_WORK TO BE COMPLETED_: With the pictures removed, write out the full listing below exactly.

_SOURCE MATERIAL_:
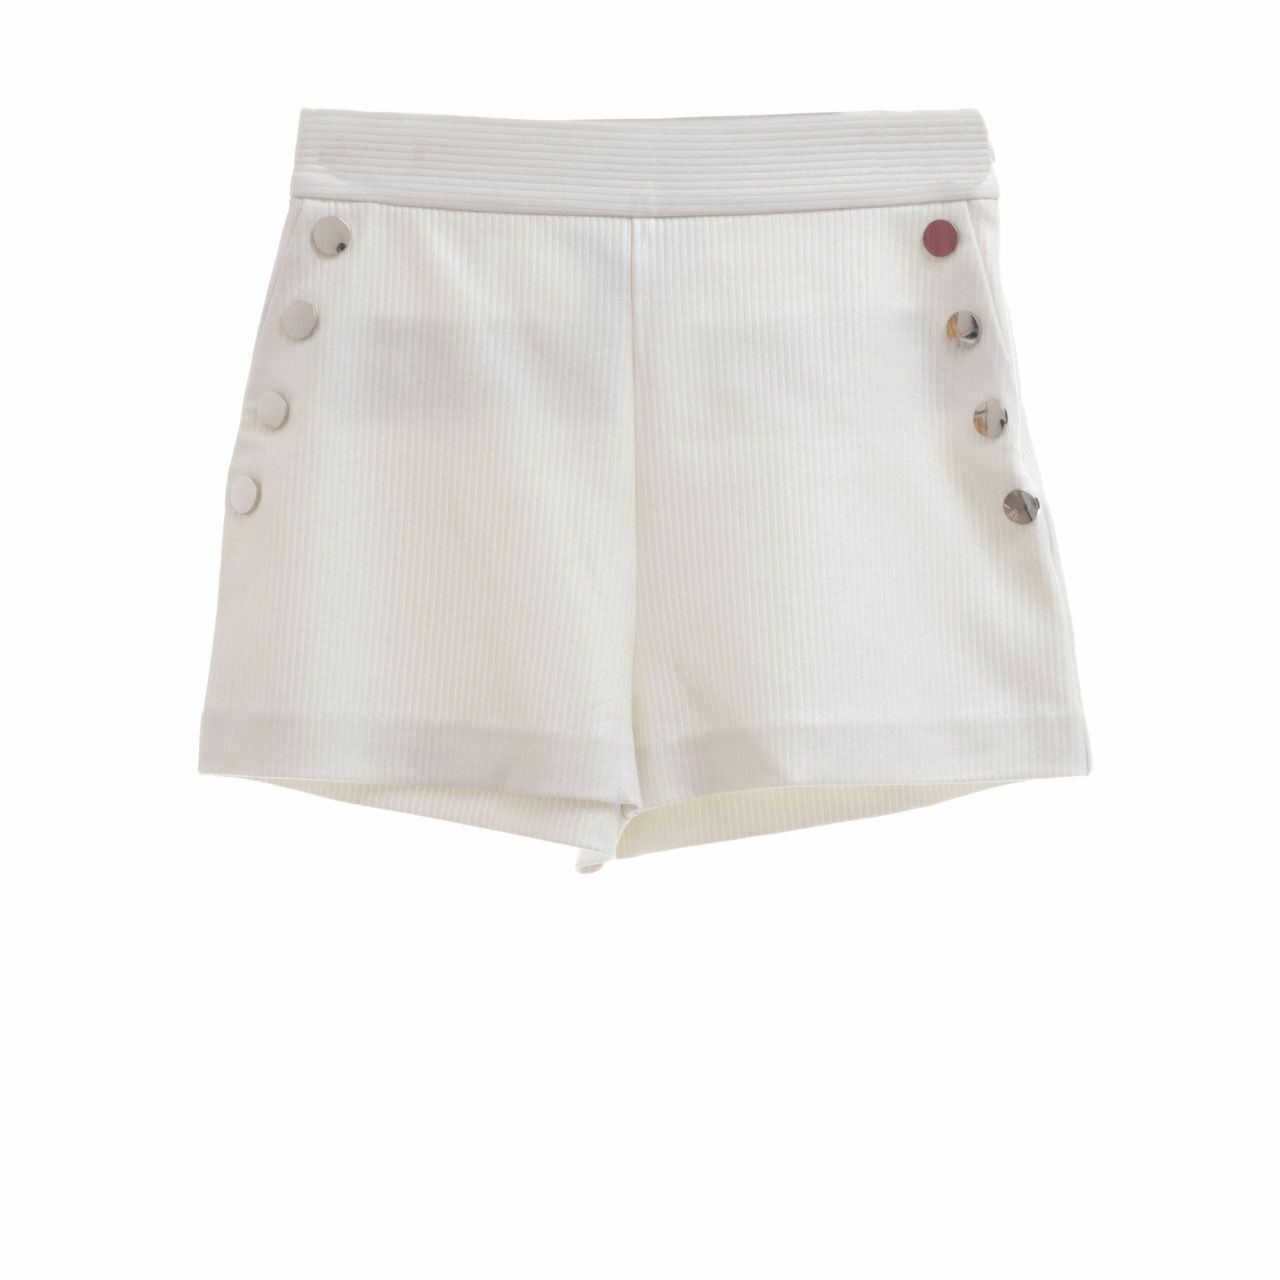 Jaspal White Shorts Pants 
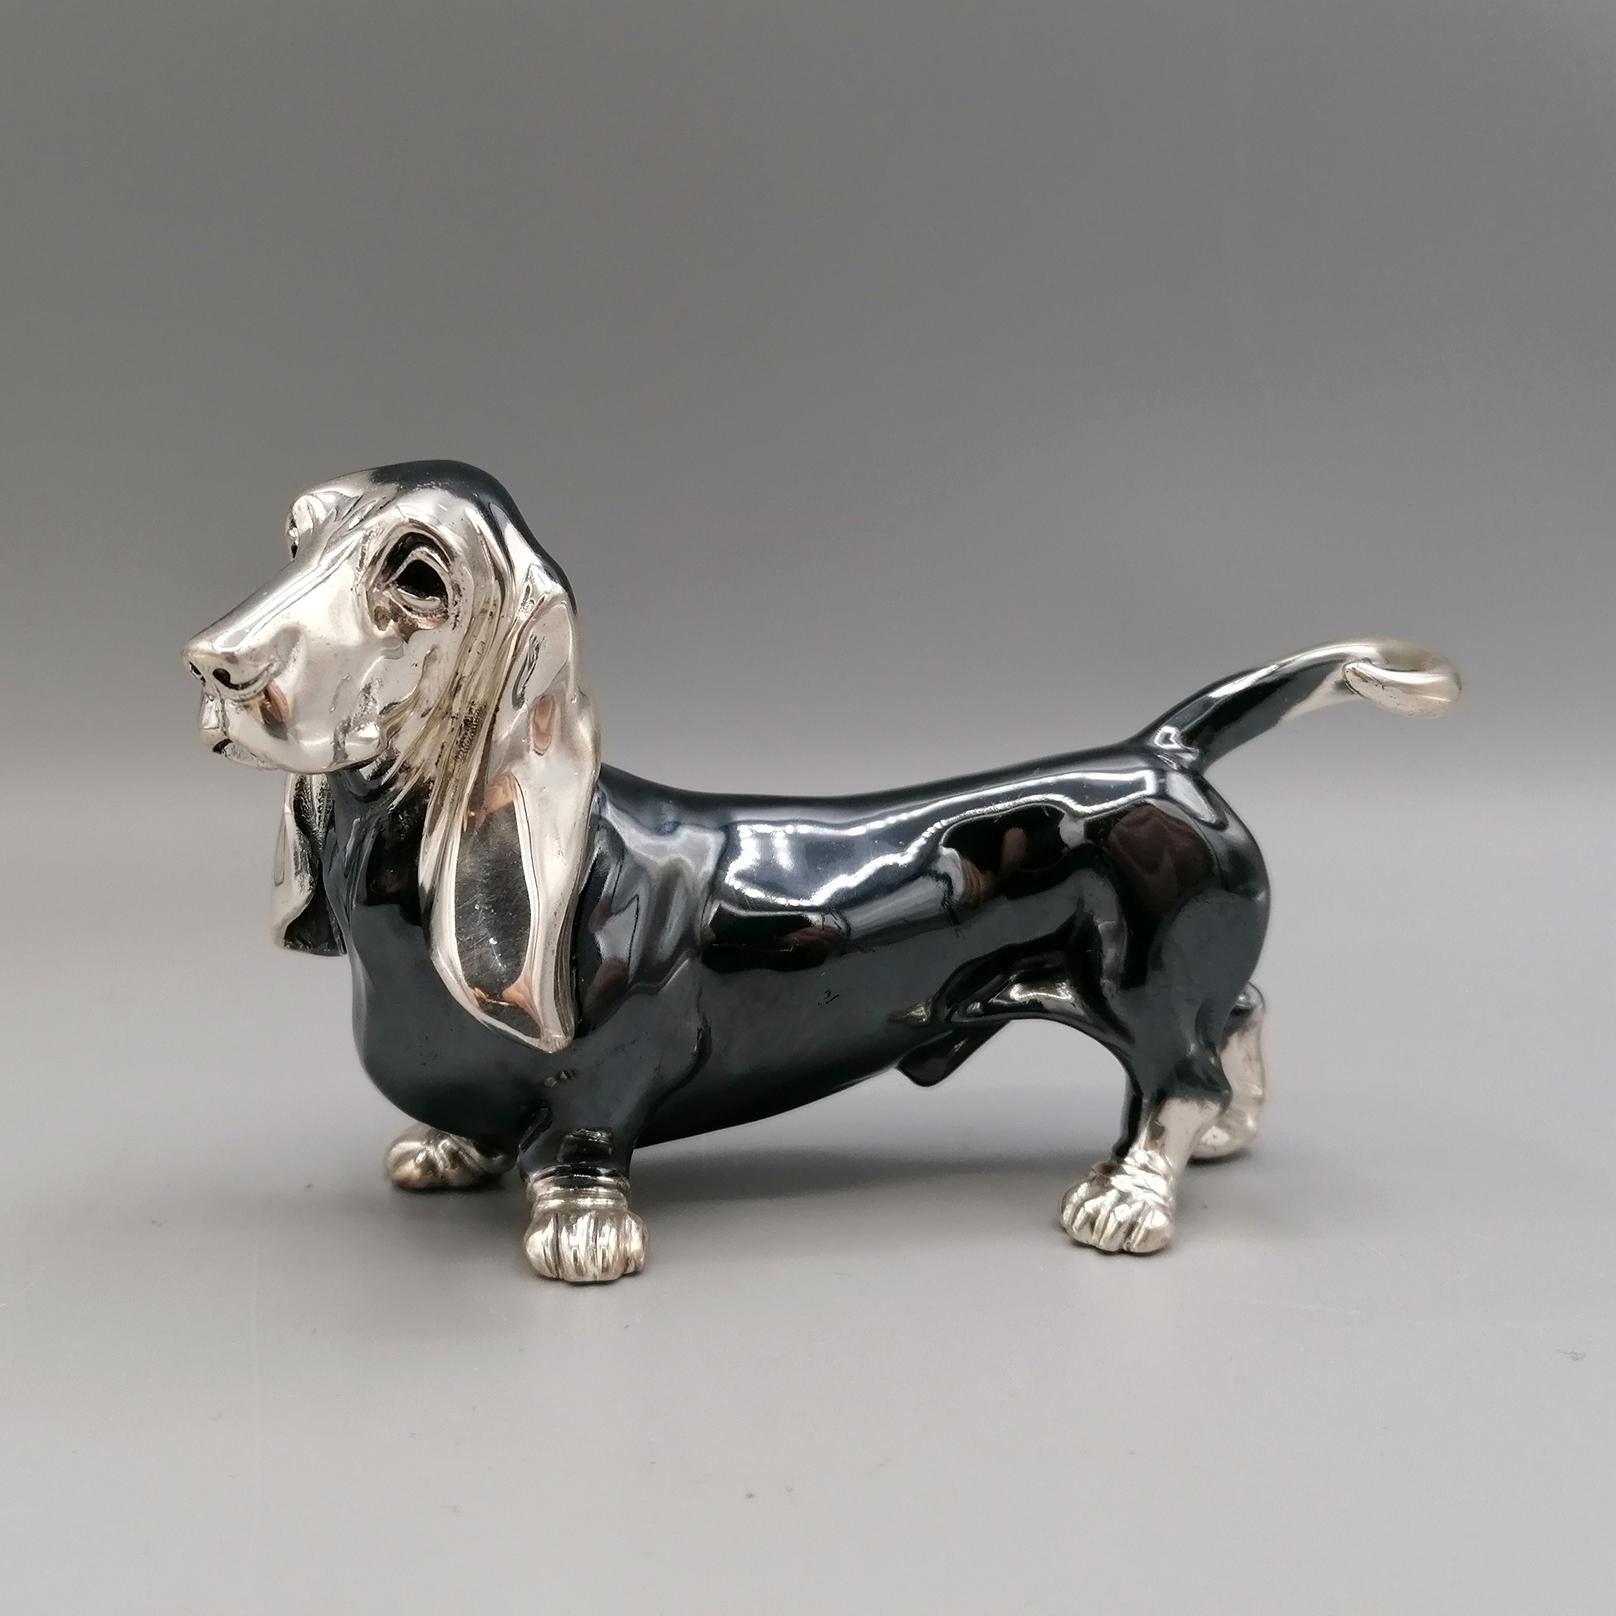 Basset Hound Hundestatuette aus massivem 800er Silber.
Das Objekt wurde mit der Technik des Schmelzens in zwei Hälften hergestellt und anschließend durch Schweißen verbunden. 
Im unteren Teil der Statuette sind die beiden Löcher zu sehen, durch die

_ANSWER BELOW_:
 Jaspal White Shorts Pants 
 Basset Hound Hundestatuette aus massivem 800er Silber.
Das Objekt wurde mit der Technik des Schmelzens in zwei Hälften hergestellt und anschließend durch Schweißen verbunden. 
Im unteren Teil der Statuette sind die beiden Löcher zu sehen, durch die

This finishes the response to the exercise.